В избу войдет, фуражку на гвоздик пристроит, сапоги тряпкой обмахнет, руки сполоснет и чуб казацкий расчешет. Постучит в запертую снаружи дверь светелки.
— Натаха, бравая деваха, на мне красная рубаха, отчего прячешься от меня!
За дверью — радостный визг, шуршанье, стукоток босых пяток. А секунду назад по комнате стулья летали и шторки рвались.
— Счас схвачу, защекочу! — кричит ей и делает вид, что рвет ручку двери.
В светелке еще пуще суматоха поднимается. Будто там не одна Наталья носится, а целый табунок подружек. Наконец, установится тишина — знак, что можно войти. Володька шасть за порог, а дочка уж ему навстречу павой выступает. В белом выпускном платье, в новых туфлях, с бантом на голове, теперь уже коротко стриженной. И вся светится, дуреха, как невеста на выданье. И куда только дурь девается. Валентина, когда ее впервые такой увидела, слезами облилась. Не было на деревне девки краше, не было смышленее, да все — и ум, и красу окаянная болезнь смыла.
У Натальи платье мято, туфли на босу ногу и пряжки не застегнуты, бант набекрень. Смех и грех. А Володьке хоть бы что, хохотнет, выслушав ее тарабарщину, и сам ввернет чепуховое словцо. В разговор свой родителей не допускают, лопочут будто два басурмана. И такое в эти минуты между ними согласие.
Валентине всегда непонятно было, откуда берется в человеке такое понимание, такое душевное равновесие. Родные мать и отец не знают, как с убогой обходиться, а ему никакого труда. Прямо лекарь. Ну да Володька — парень сердцем чистый. Недаром Наталья ни на кого другого и не взглянет. Случится, обознается, вопьется глазами в окно, забормочет, а разглядит и погаснет. Уйдет в свою комнату, уставится в пустой угол и сидит. О чем думает?
Столько Володька им добра сделал, столько помогал — вовек не расплатиться. Да и чем заплатить-то? Кто бы, кроме него, стал с Натальей возиться, да еще насмешки от деревенских терпеть. А ведь ни разу не отказался, не сослался на службу или какую другую причину. Не через свою ли безропотность и потерпел: жена, спутавшись с другим, ушла.
Так вот, посидят они часок друг с дружкой, поговорят на вывихнутом языке, и подыщет Володька подходящую минутку, предложит:
— Эх, Натаха, небесна птаха, и прокачу я тебя на мотоцикле. Поедем?
— Едем, едем! — эхом откликается она.
Рада-радехонька, что он ее из опостылевшей комнаты на волю вывезет. Сама и вещички соберет, какие скажут, сядет в мотоциклетную коляску и покатит в дурдом, подлечиться. Это и чудно: никто ведь ей о том ни полсловечка, неужто на все заранее согласна, даже на обман, лишь бы с Володь-кой подольше побыть? Поди тут, разберись. Да и что гадать. Сегодня нормальный человек — потемки, а ущербный тем более.

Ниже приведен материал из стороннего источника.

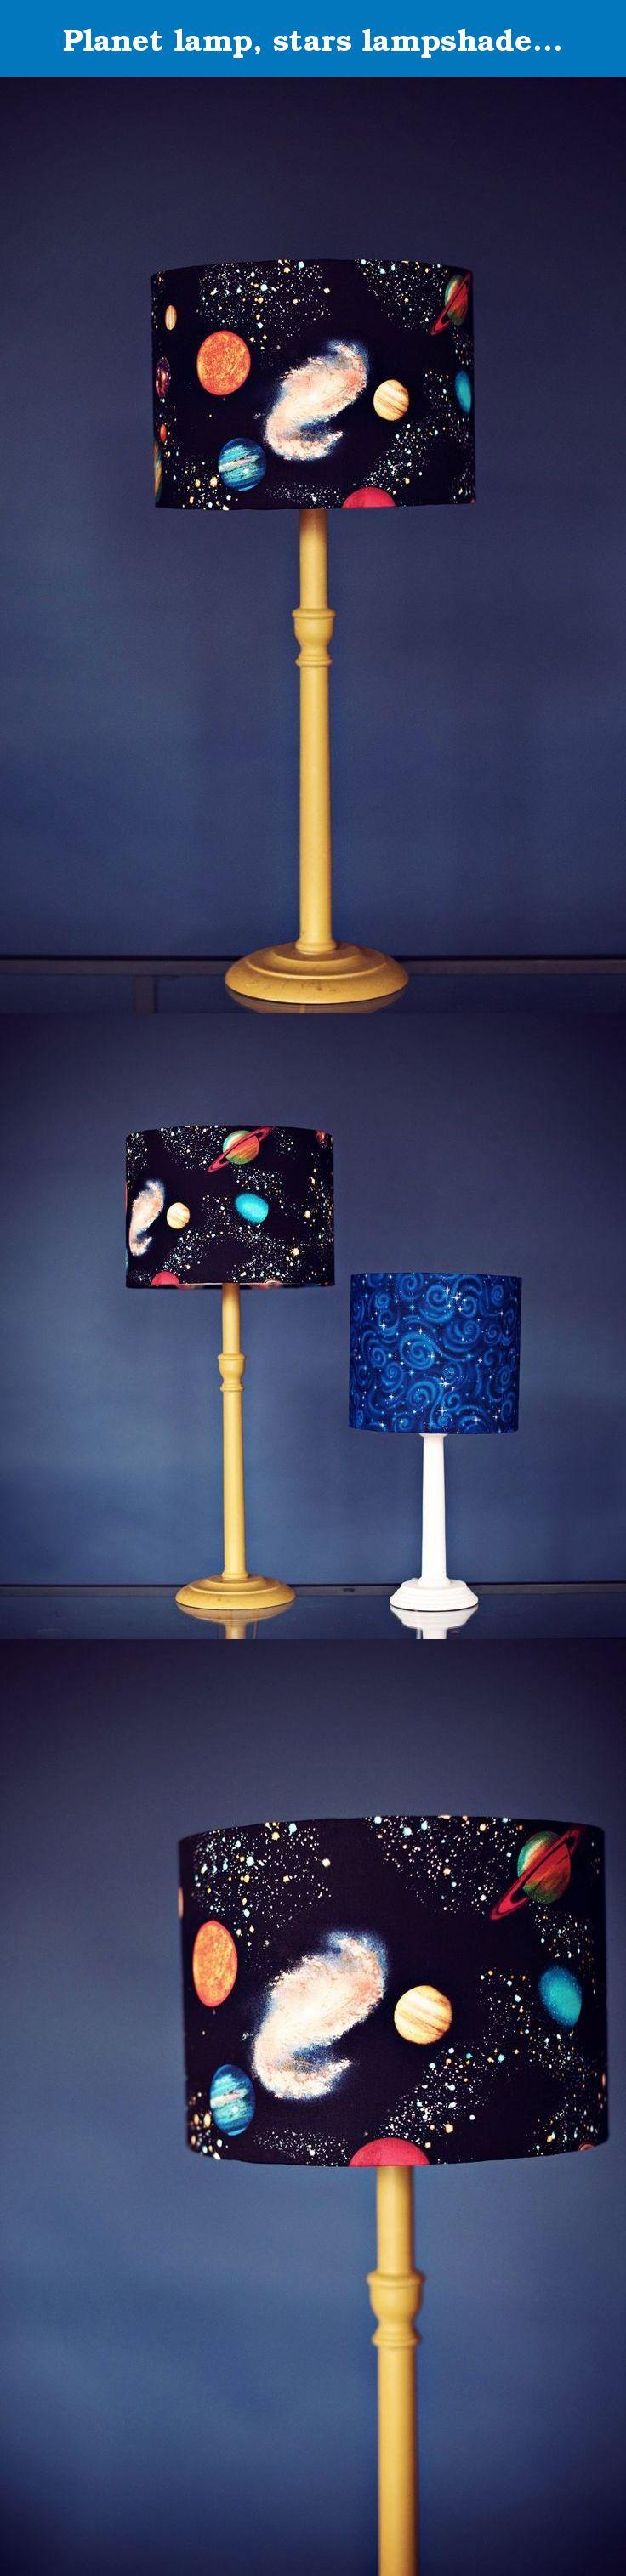 lamp, stars lampshade, space lamp, black lamp, kids
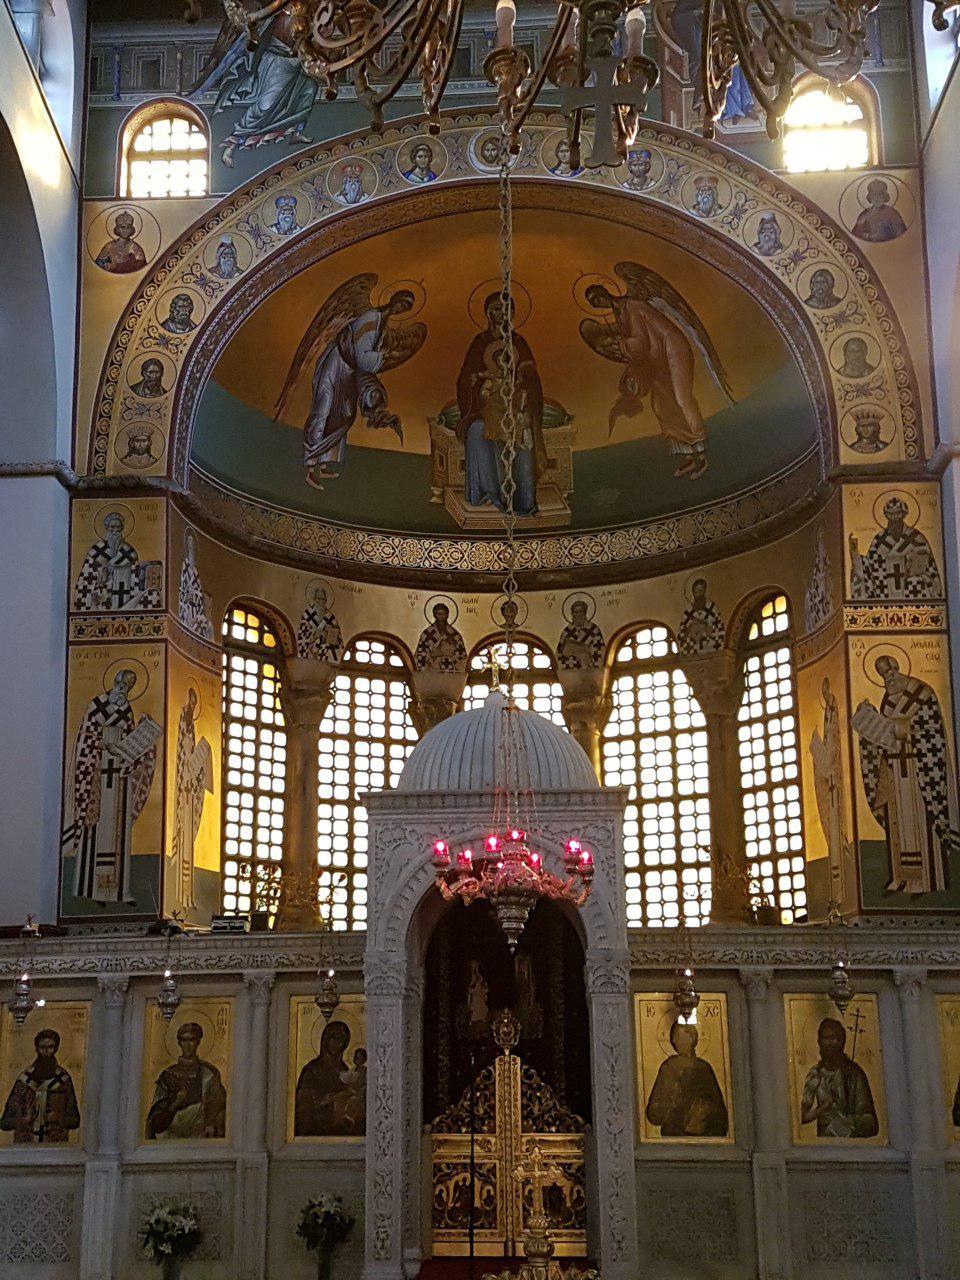 """כנסיית אגיוס דימיטריוס - החשובה בכנסיות בסלוניקי (צילום: אחיה ראב""""ד)"""

Запыхавшись, Валентина вбегает в контору и, оставляя на свежевымытом полу пыльные следы, спешит прямиком в диспетчерскую. За пультом, на крутящемся стуле сидит Колька Лопатин. У него вся связь в руках, к нему все новости по проводам стекаются. И не только. Кто-кто, а он уж подавно знает, что у Шишмаревых стряслось.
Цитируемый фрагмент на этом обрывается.